What to do:
Copy exactly the stretch of lines from the one holding "WWI era Patrol type ship’s wet card compass" through the last line of the data below, inclusive. Leave out pictures.

Source data:

• • • • • • •

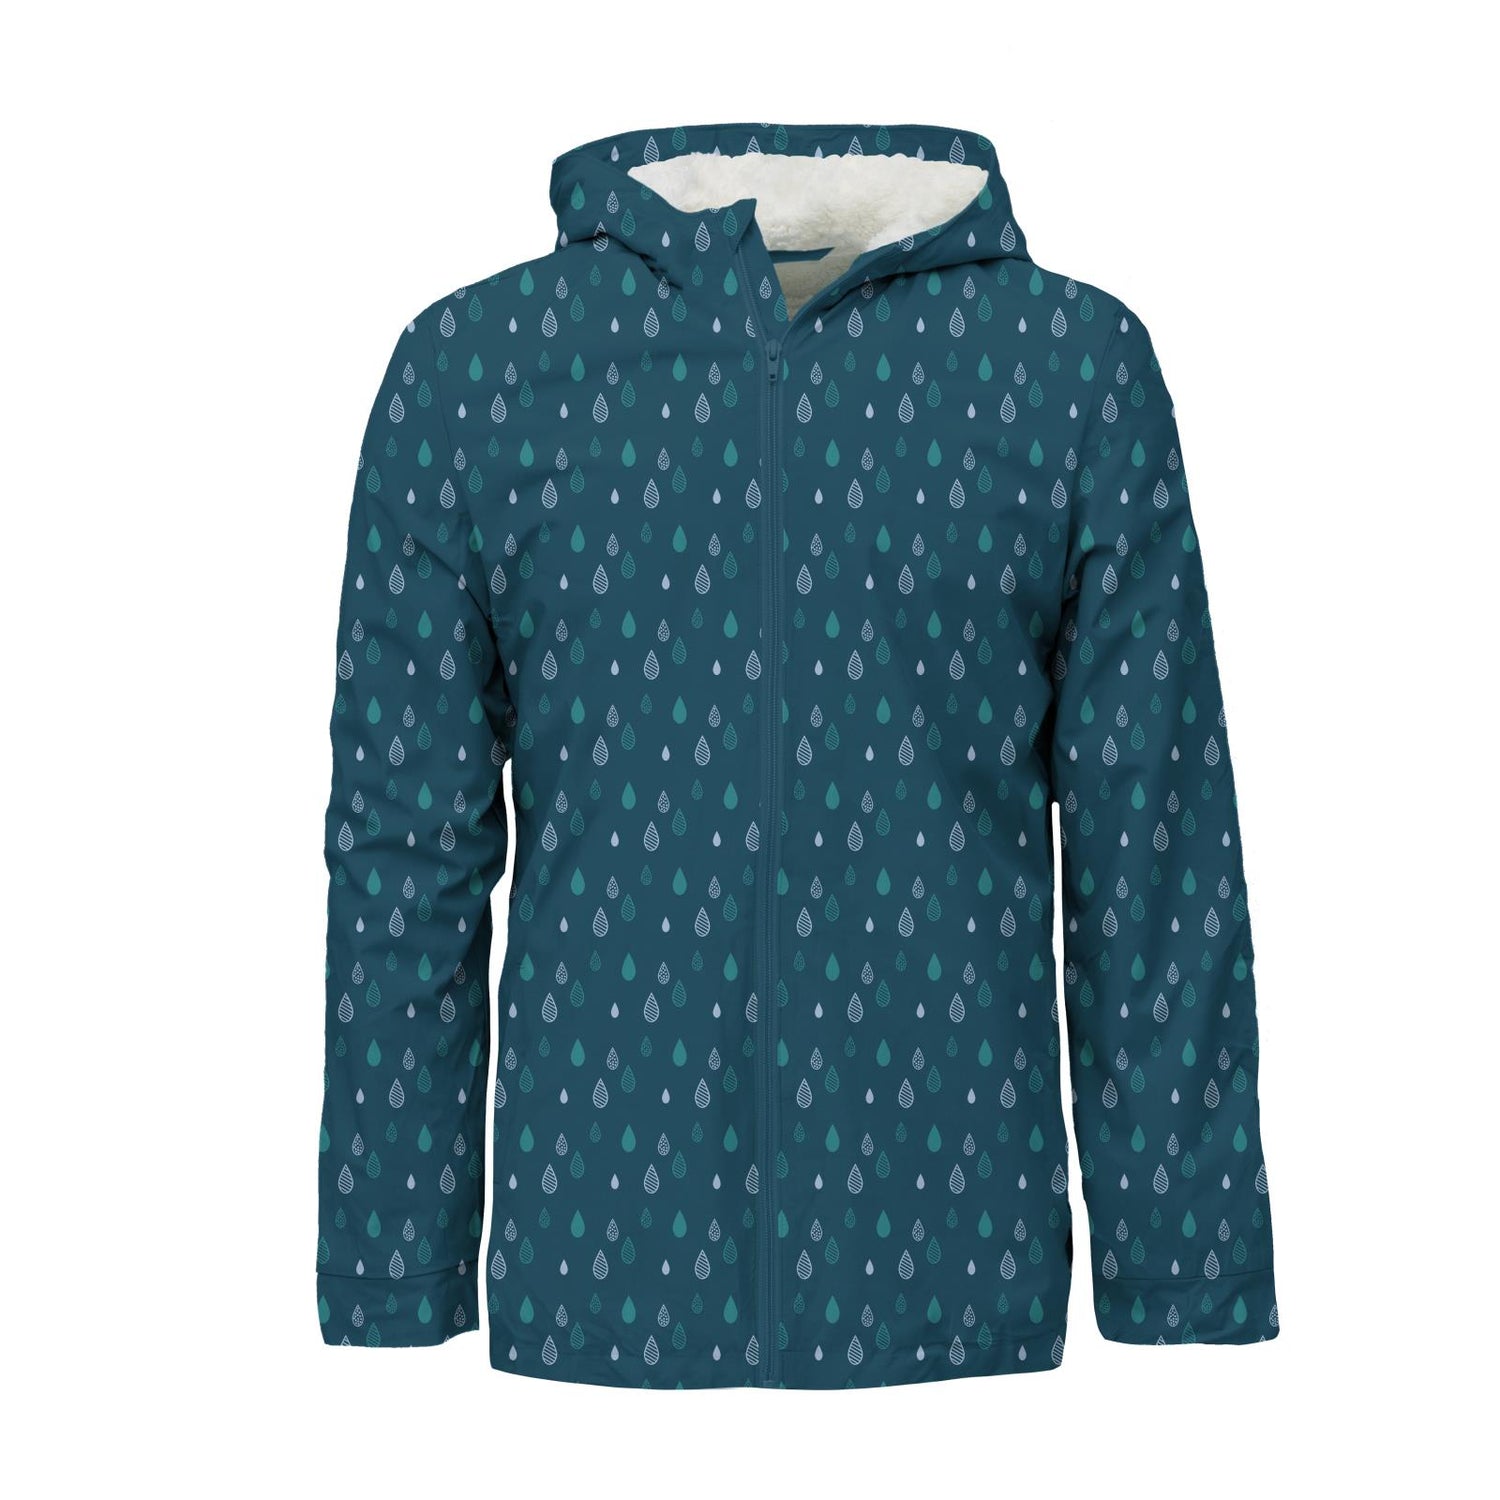 Men's Print Sherpa-Lined Hooded Rain Jacket in Peacock Raindrops
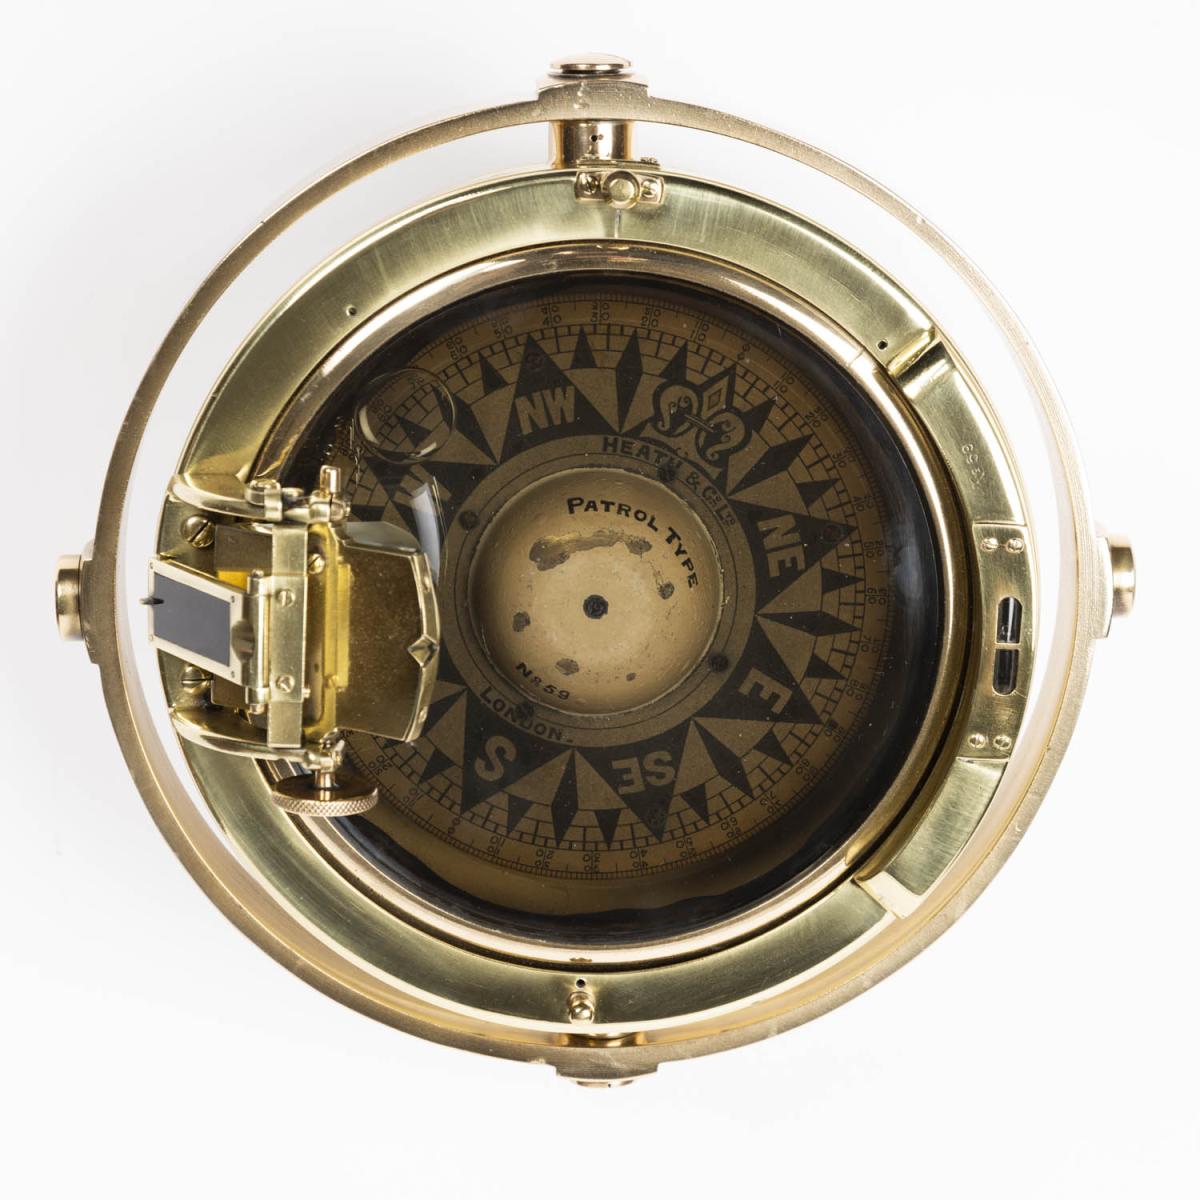 WWI era Patrol type ship’s wet card compass
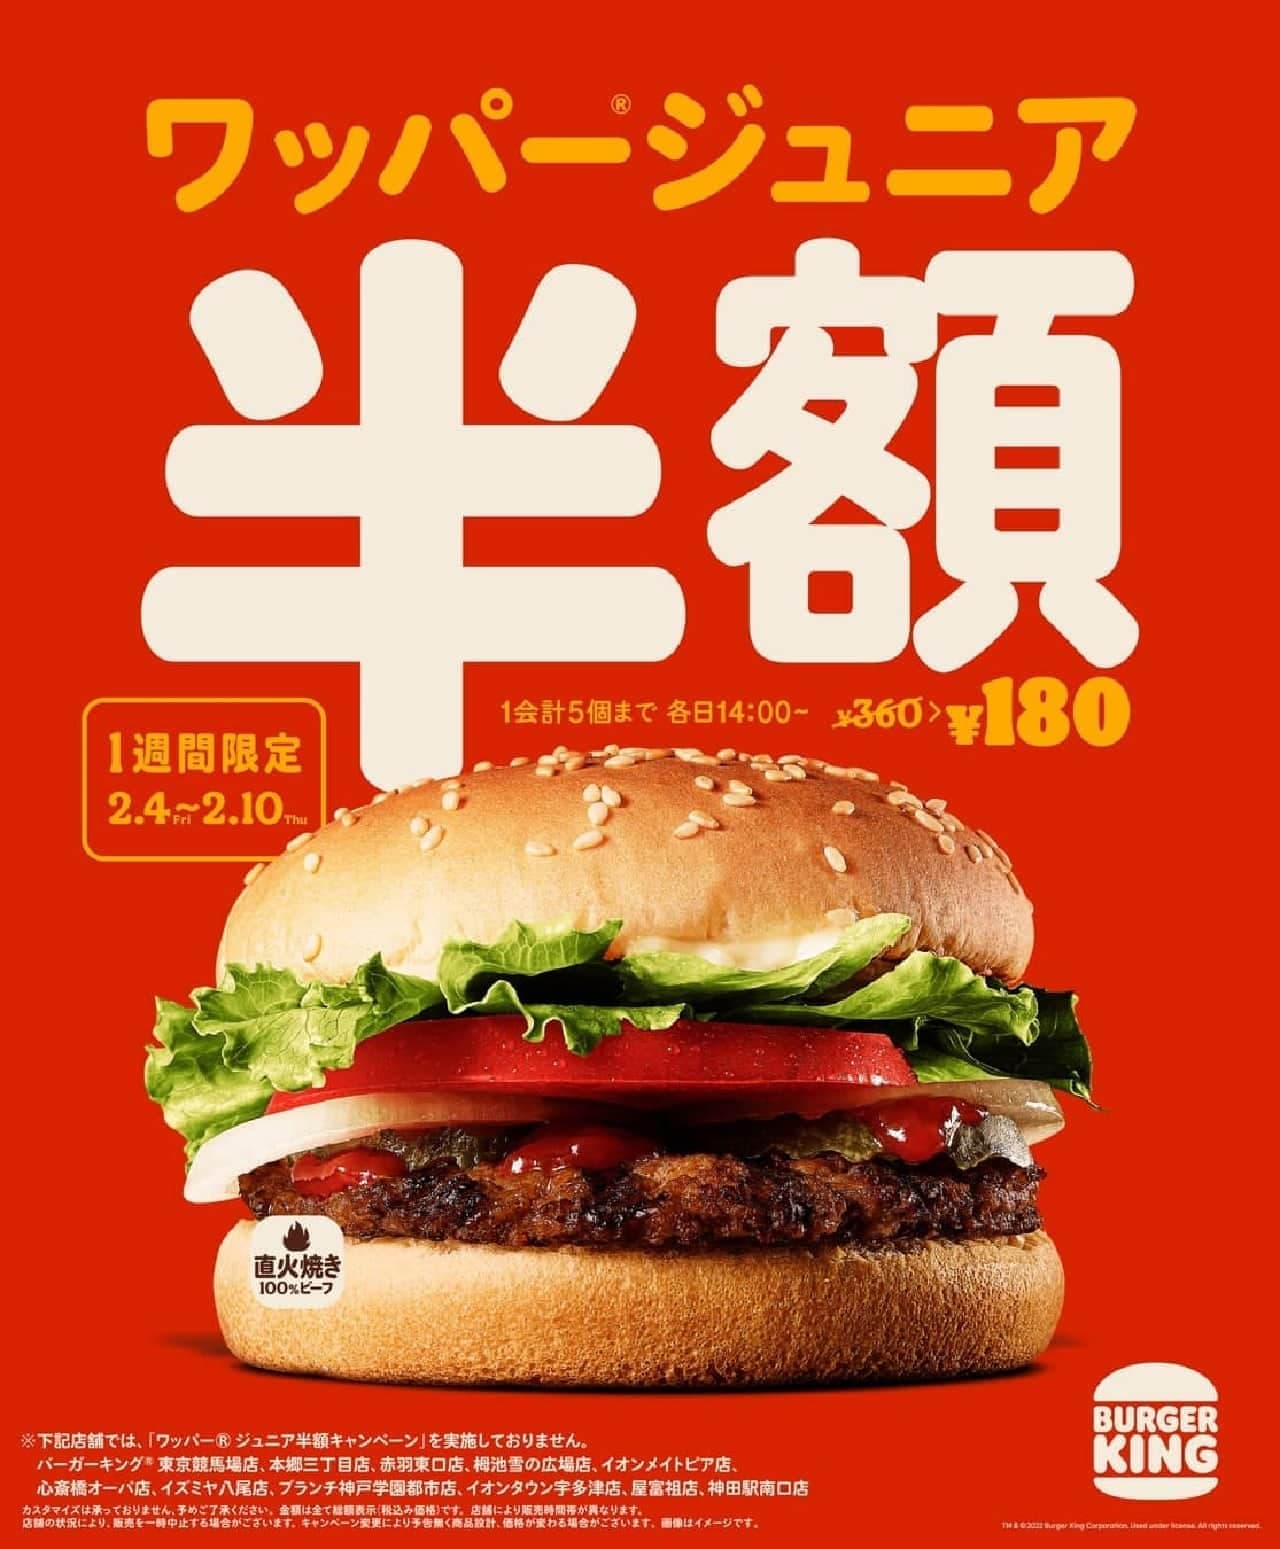 Burger King "Whopper Junior Half Price Campaign"
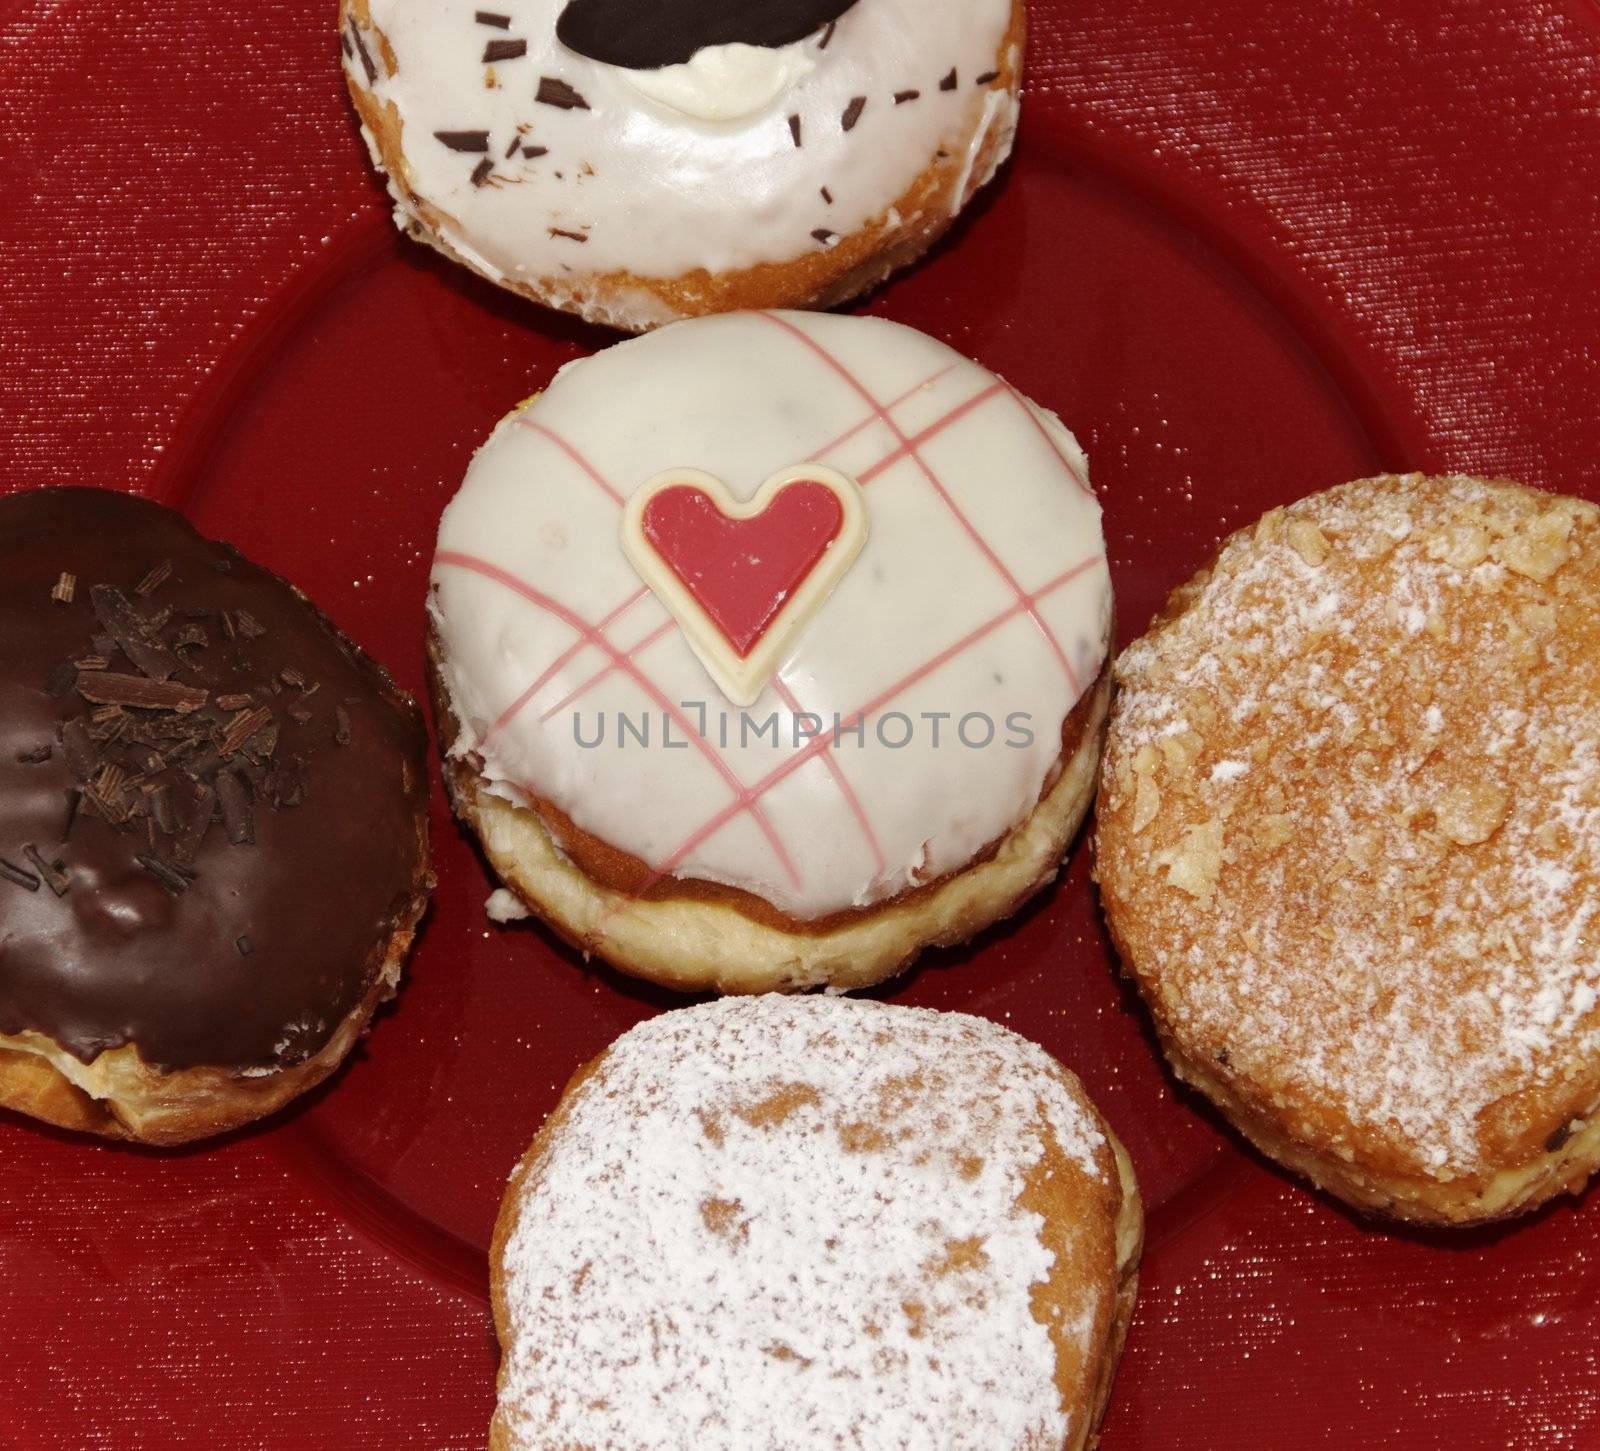 five various bavarian donuts

• • • • • • •

Result:
 WWI era Patrol type ship’s wet card compass
 Burger King "Whopper Junior Half Price Campaign"
 five various bavarian donuts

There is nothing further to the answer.